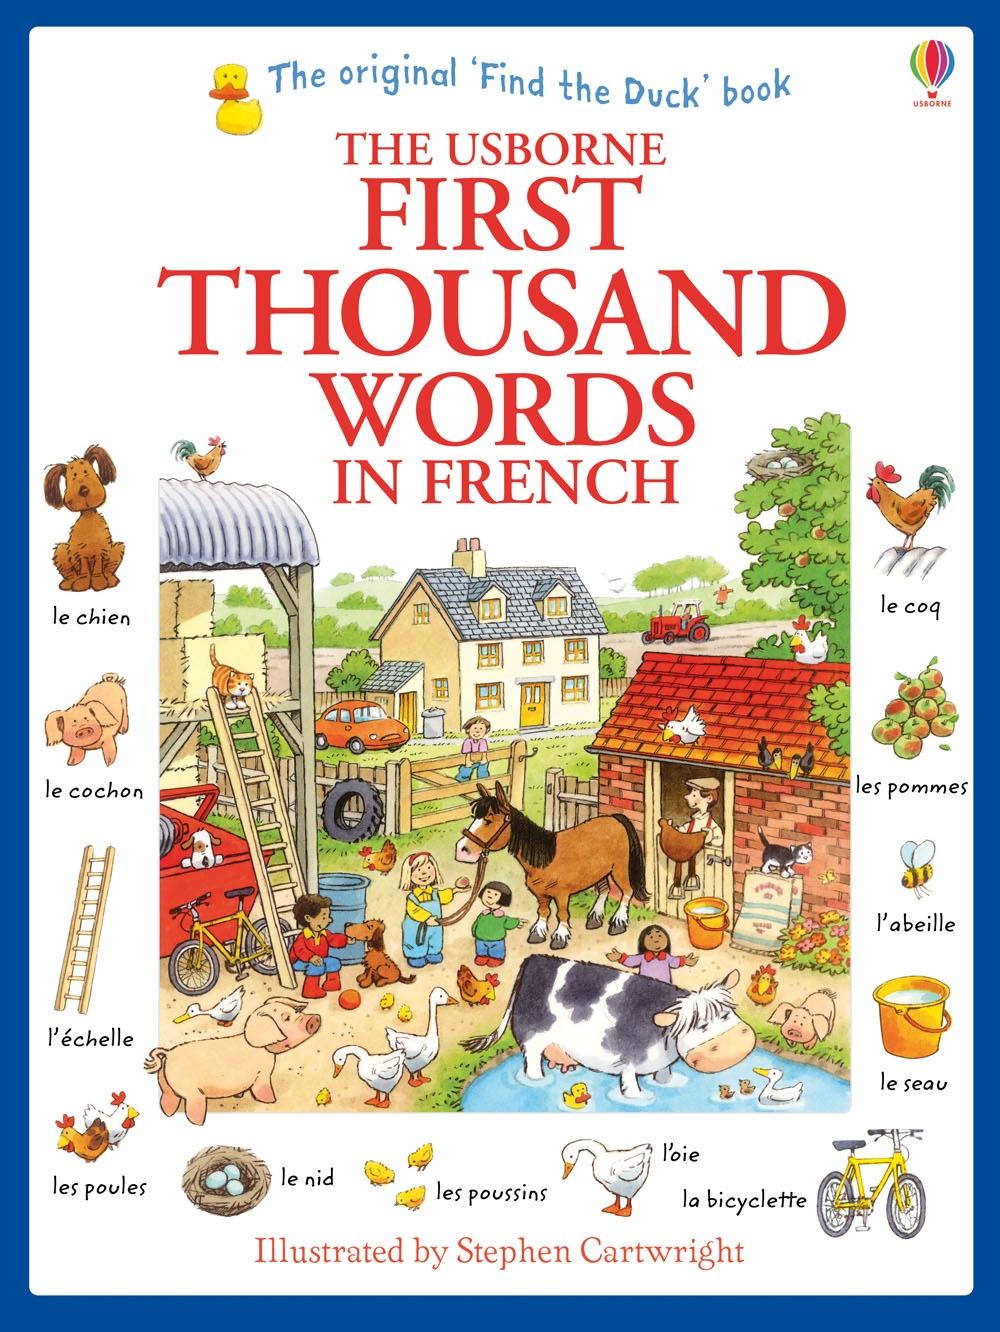 First Thousand Words in French / Heather Amery / Taschenbuch / Kartoniert / Broschiert / Englisch / 2013 / Usborne Publishing / EAN 9781409566113 - Amery, Heather
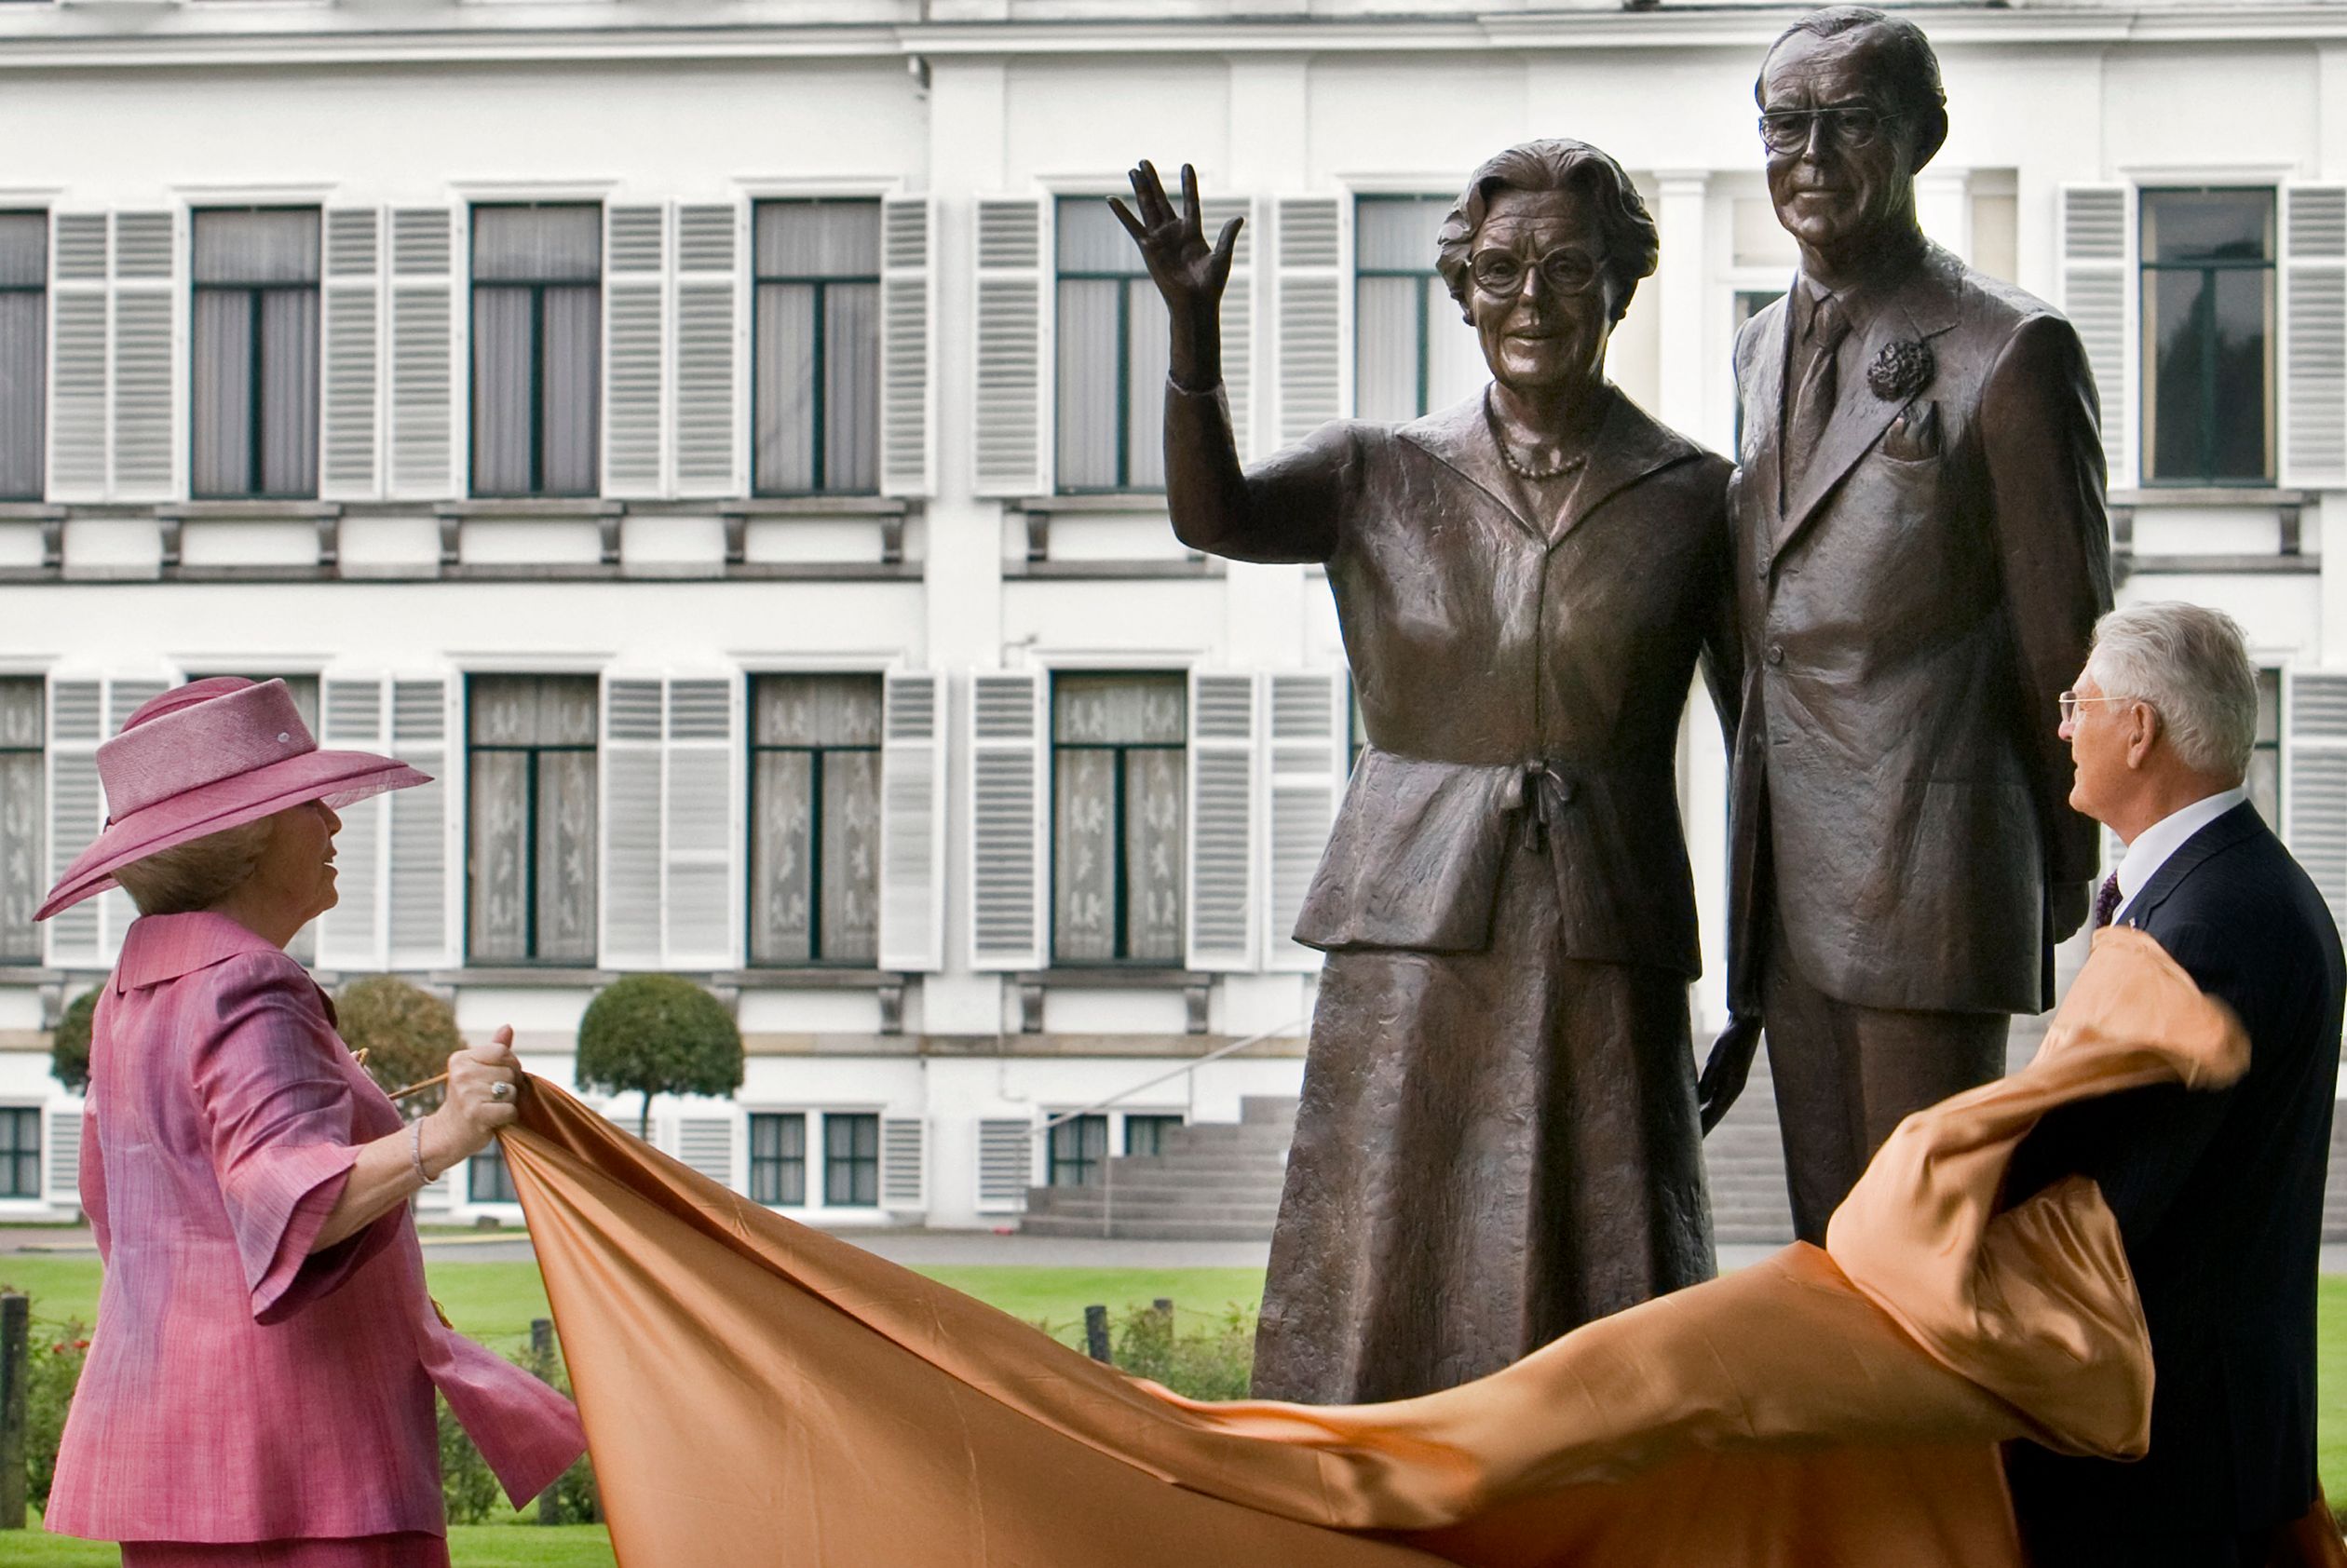 In mei 2009 onthult koningin Beatrix in de tuin van Paleis Soestdijk de beelden van haar ouders
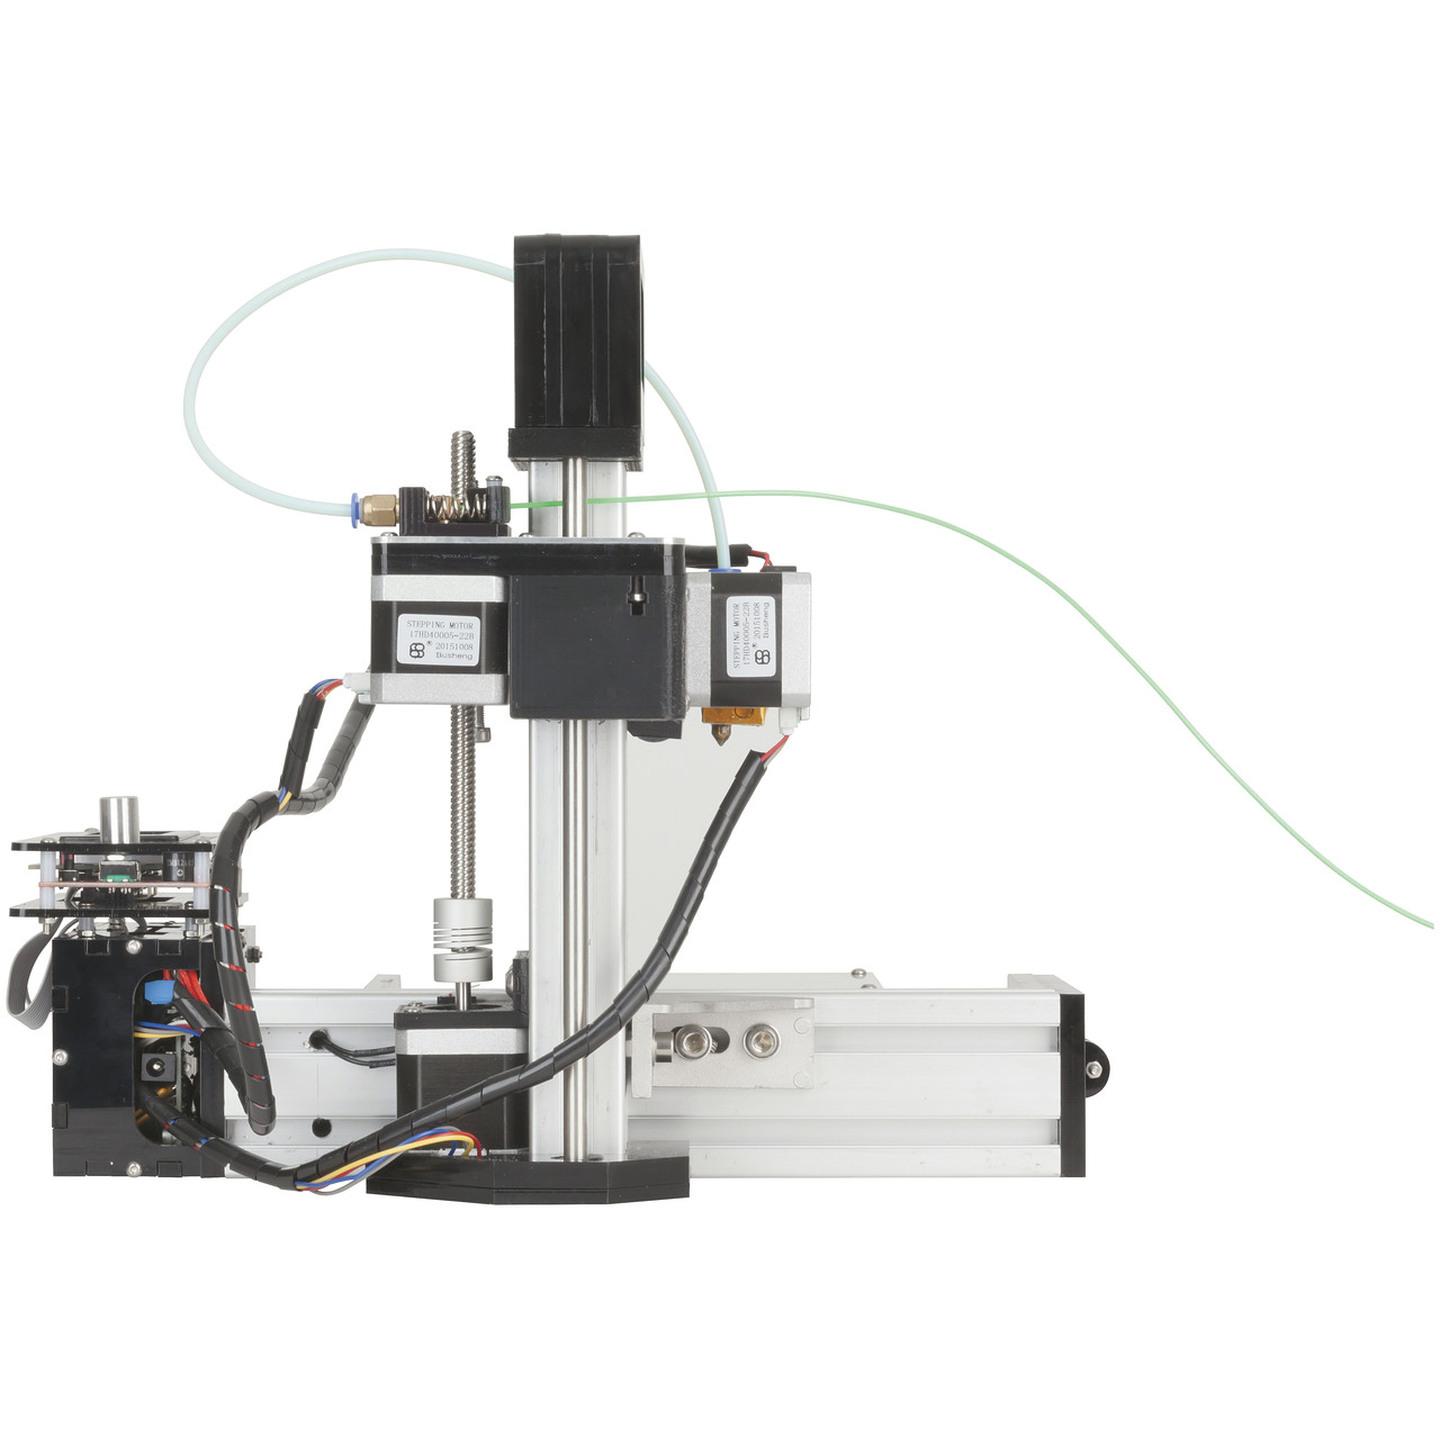 Duinotech Mini 3D Printer

WORK ORDER -
Write out the material above once more, word for word. Images stay out.

THE COMPLETED TASK -
 First Thousand Words in French / Heather Amery / Taschenbuch / Kartoniert / Broschiert / Englisch / 2013 / Usborne Publishing / EAN 9781409566113 - Amery, Heather
 In mei 2009 onthult koningin Beatrix in de tuin van Paleis Soestdijk de beelden van haar ouders
 Duinotech Mini 3D Printer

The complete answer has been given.